Sounds good. I will order that then probably tomorrow.. As I was asking above so you program on the main, each individual loco? There is no longer that issue of mixing up our accidentally programming all of the locomotives? I want to be sure of this one aspect, because it is a pretty big factor and change in and of itself. Which could be either very, very good if I understand correctly.. Or very bad to catastrophic if I don't have a clear understanding.. So best with me on this one. As it completely would change how I did things...

Thanks...

Sent from my Note 8


----------



## fcwilt (Sep 27, 2013)

Hi MatroxD,

Using a booster for stationary decoders is a good idea.

You should also use a booster, or electronic circuit breaker for power to the track for running of trains.

If you do this then a short on the track will not prevent you from controlling turnouts, signals, lights, etc.

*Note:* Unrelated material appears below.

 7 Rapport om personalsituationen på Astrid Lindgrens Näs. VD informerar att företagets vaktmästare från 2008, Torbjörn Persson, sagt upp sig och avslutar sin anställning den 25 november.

Using the current version of DecoderPro is also a good idea for configuring NCE Light-Its. DecoderPro uses the correct CV numbers, unlike the NCE documentation.

Frederick


----------



## sachsr1 (Mar 3, 2016)

You lose the programming track with the smart booster. The switch just moves your main to a small section of track. You need to either set up your pcp panel and powercab on a separate track, or switch out the jumpers on the usb interface and set it back up as a powercab. Confused yet? I was. You can program a lot of the cv’s on the main but changing the loco address on the main with the sb5 leads to a scrambled address.


----------



## MatroxD (Jan 19, 2018)

fcwilt said:


> Hi MatroxD,
> 
> Using a booster for stationary decoders is a good idea.
> 
> ...


Hi!


Yes, I am new to DCC, so trying to learn all I can. I actually I think have only had the powercab for about a month and this is the madness it's led me to this quickly.. 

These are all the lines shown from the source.